To train an AI model in the healthcare space, you need access to high quality data that is fundamentally private, sensitive, is not shared widely. So how do you do that? It's a real challenge. What these labs enable is to have an ecosystem of 30 plus health systems all signing up to say essentially,
We are here and we want to partner with the technology companies to train models in a robust, efficient, fast way. So quite the opposite. And when I met with Representative Obernolte, I shared this. These labs are intended to accelerate the innovation from startups.
And it's squarely a private sector effort. So, I mean, we, you know, we were very excited when the Biden administration expressed interest in joining CHI and we offered them seats and they were part of, you know, every one of our working groups that we launched. I've shared with the Trump team the same that, you know, we believe in a public-private partnership. This is private sector led.
And, you know, the new administration is more than welcome to participate in our working groups. Yeah. You know, it's clear. I do not dispute at all that the technology is moving so quickly that it's completely unrealistic and unwise to presume at all that the federal government could be the primary, let's say, tester or regulatory oversight. So having some kind of partnership makes a lot of sense to me. But
Maybe we'll have you back in the future to see how things are going because the regulatory capture question isn't going to exit my brain. But we've only got about a minute here, Dr. Anderson. I'm so sorry. We could have talked for another hour here. I had mentioned at the top of the show that you were also a family physician yourself for underserved communities, in fact. So take the last 30 seconds to describe to me why that experience leads you to believe in the importance of AI in health care.

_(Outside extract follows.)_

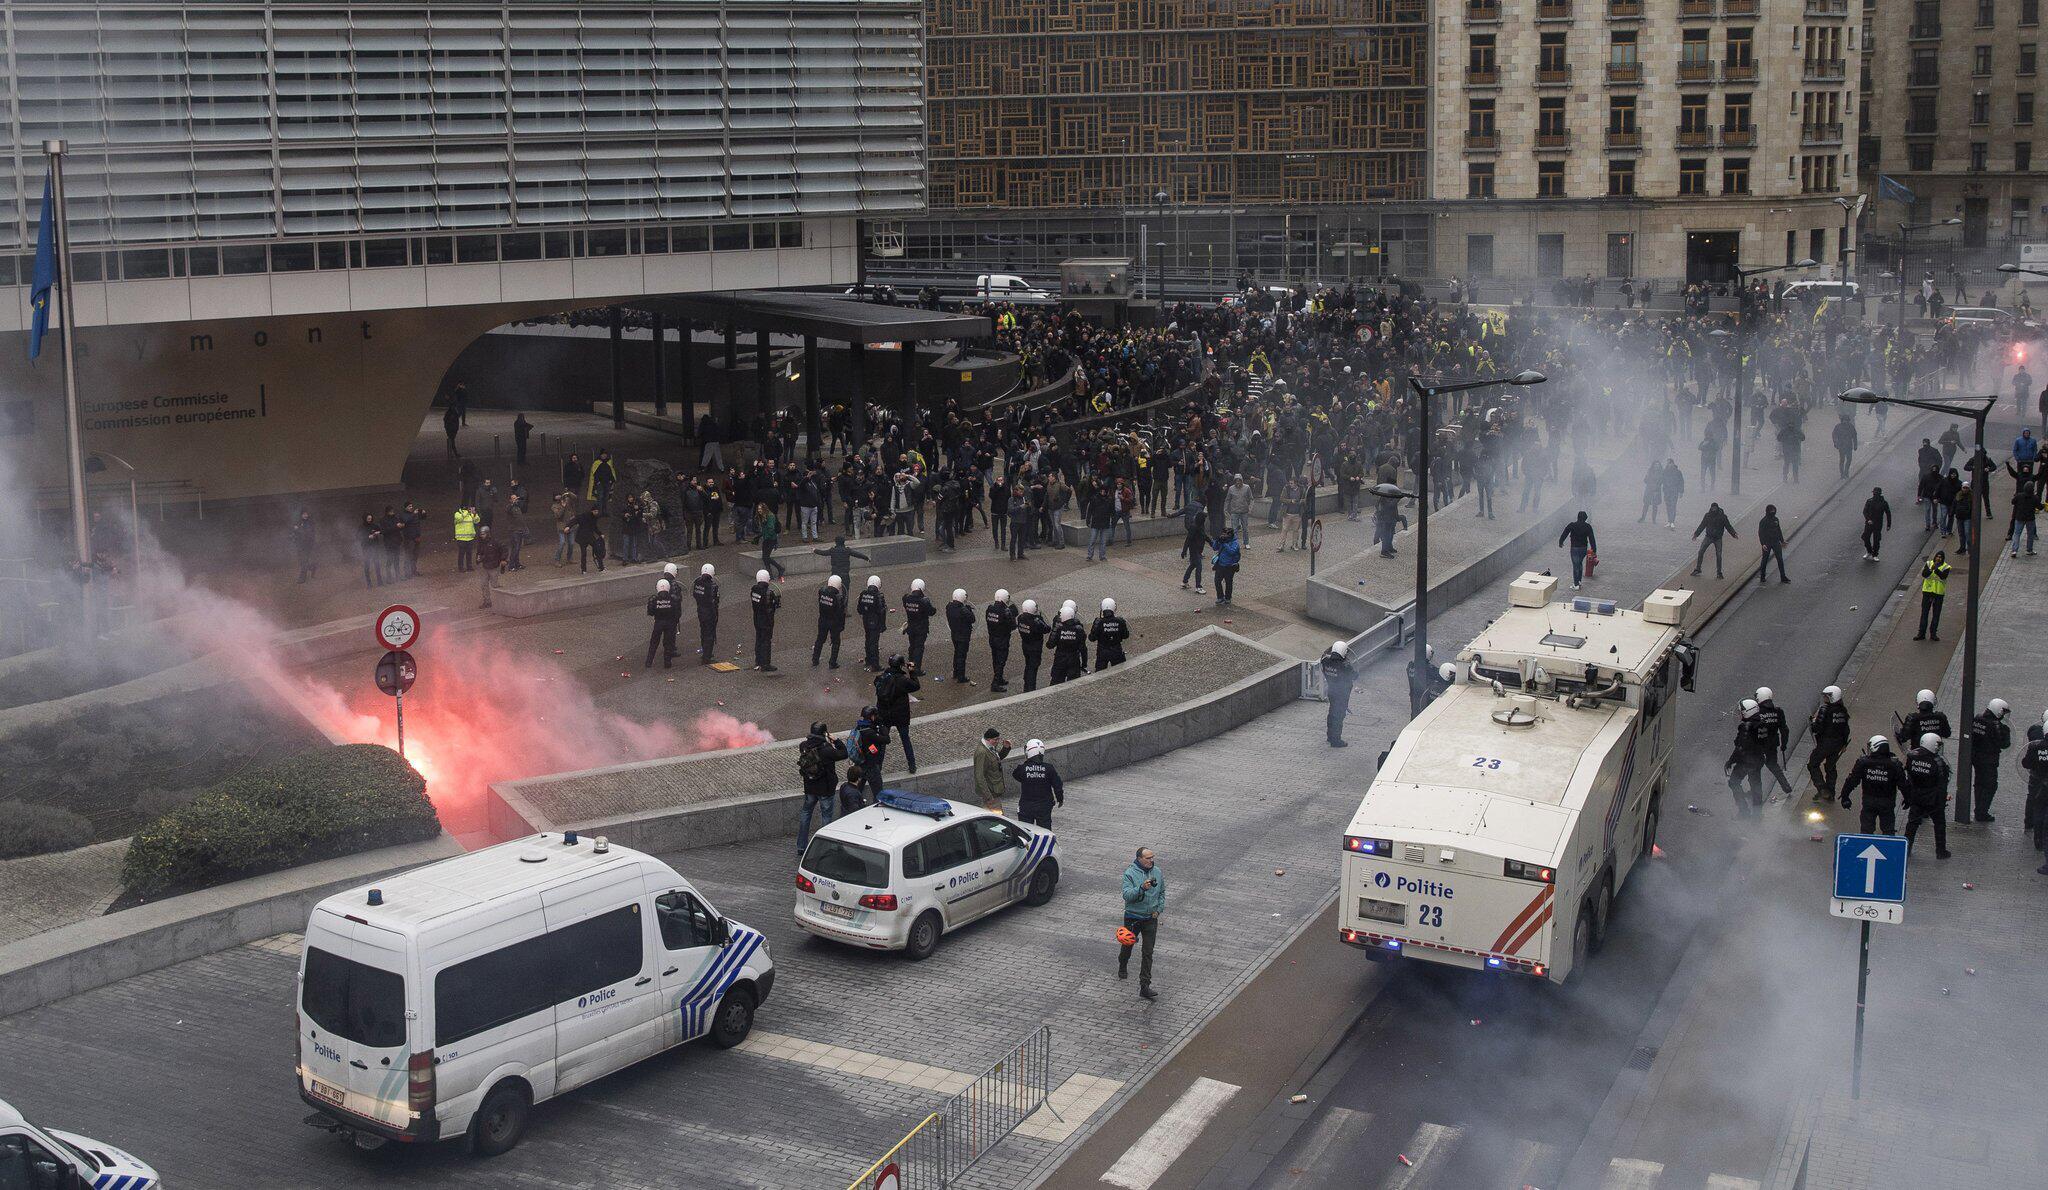 Bild zu Gewalt nach rechter Demonstration in Brüssel
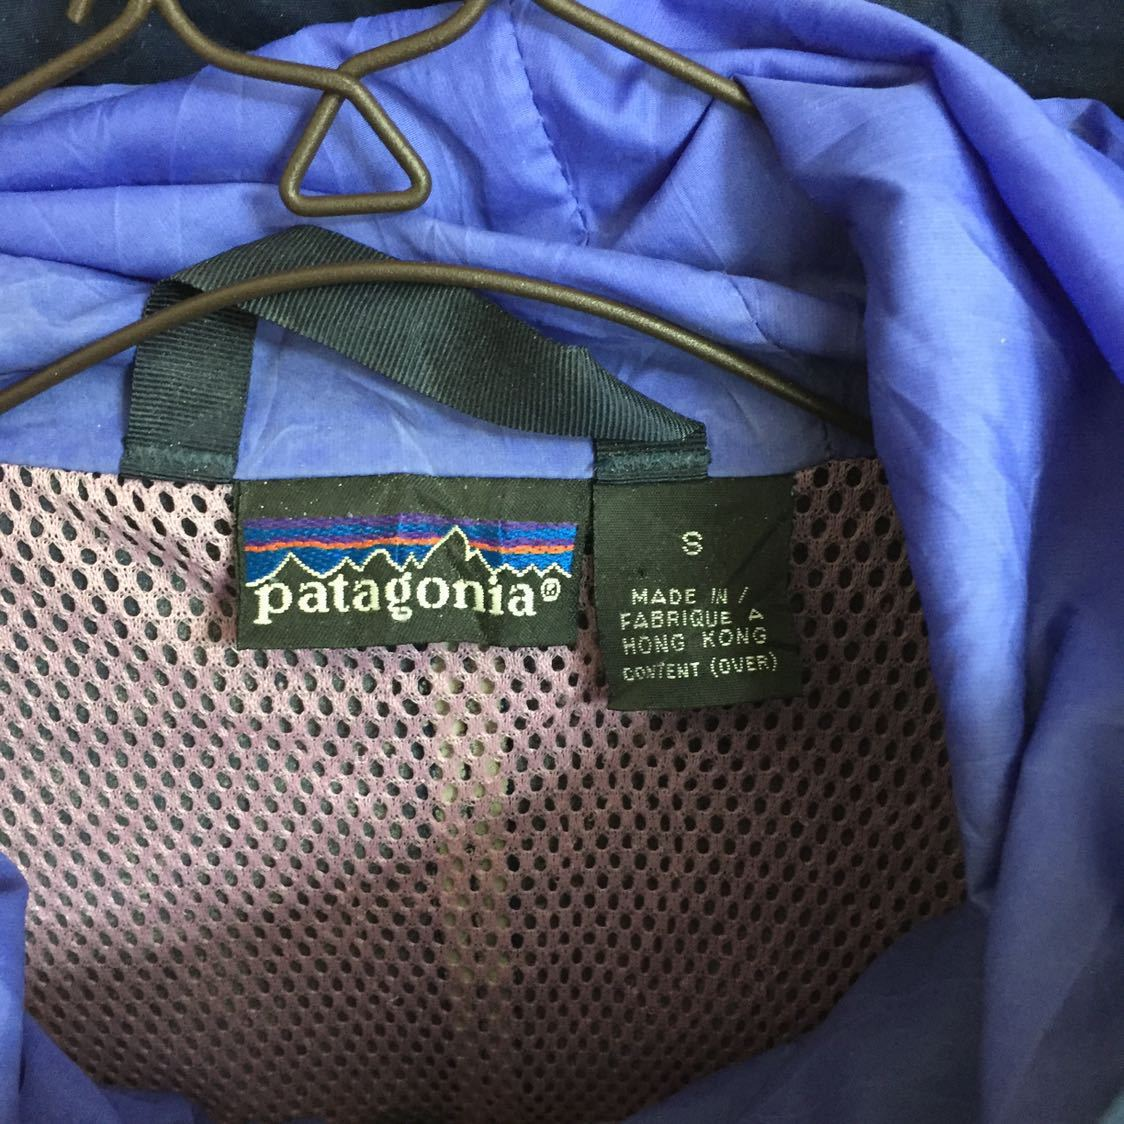 Patagonia パタゴニア ナイロンジャケット マウンテンパーカー ライトアウター アウトドア 90s メンズ Lサイズ 紺 ネイビー USA 海外仕入れ_画像3

So many doctors and nurses today are challenged in being able to see all of the patients that they need to see. In, you know, a single day you might see in excess of 20 patients. That burns out providers and nurses profoundly. It is not sustainable. I think a sobering characteristic fact is that we have to graduate over two classes of medical school students just to make up for the physicians that commit suicide each year. And part of that is the burnout issue.
When you have physicians that are pouring their heart and soul into serving underserved populations, like those that are here in Boston and in the greater Lowell Lawrence area where I worked, it is important that we equip them with tools,
to enable that kind of service that they want to offer. And AI, I believe, has an incredible potential to help us. You know, I'm thinking also of many rural communities across the United States that are seeing their hospitals or clinics close or consolidate. It's just getting harder and harder to access primary care even.
Well, Dr. Brian Anderson, he's CEO and co-founder of the Coalition for Health AI, or CHI. Thank you so much for joining us today. Really great being here, Meghna. I'm Meghna Chakrabarty. This is On Point.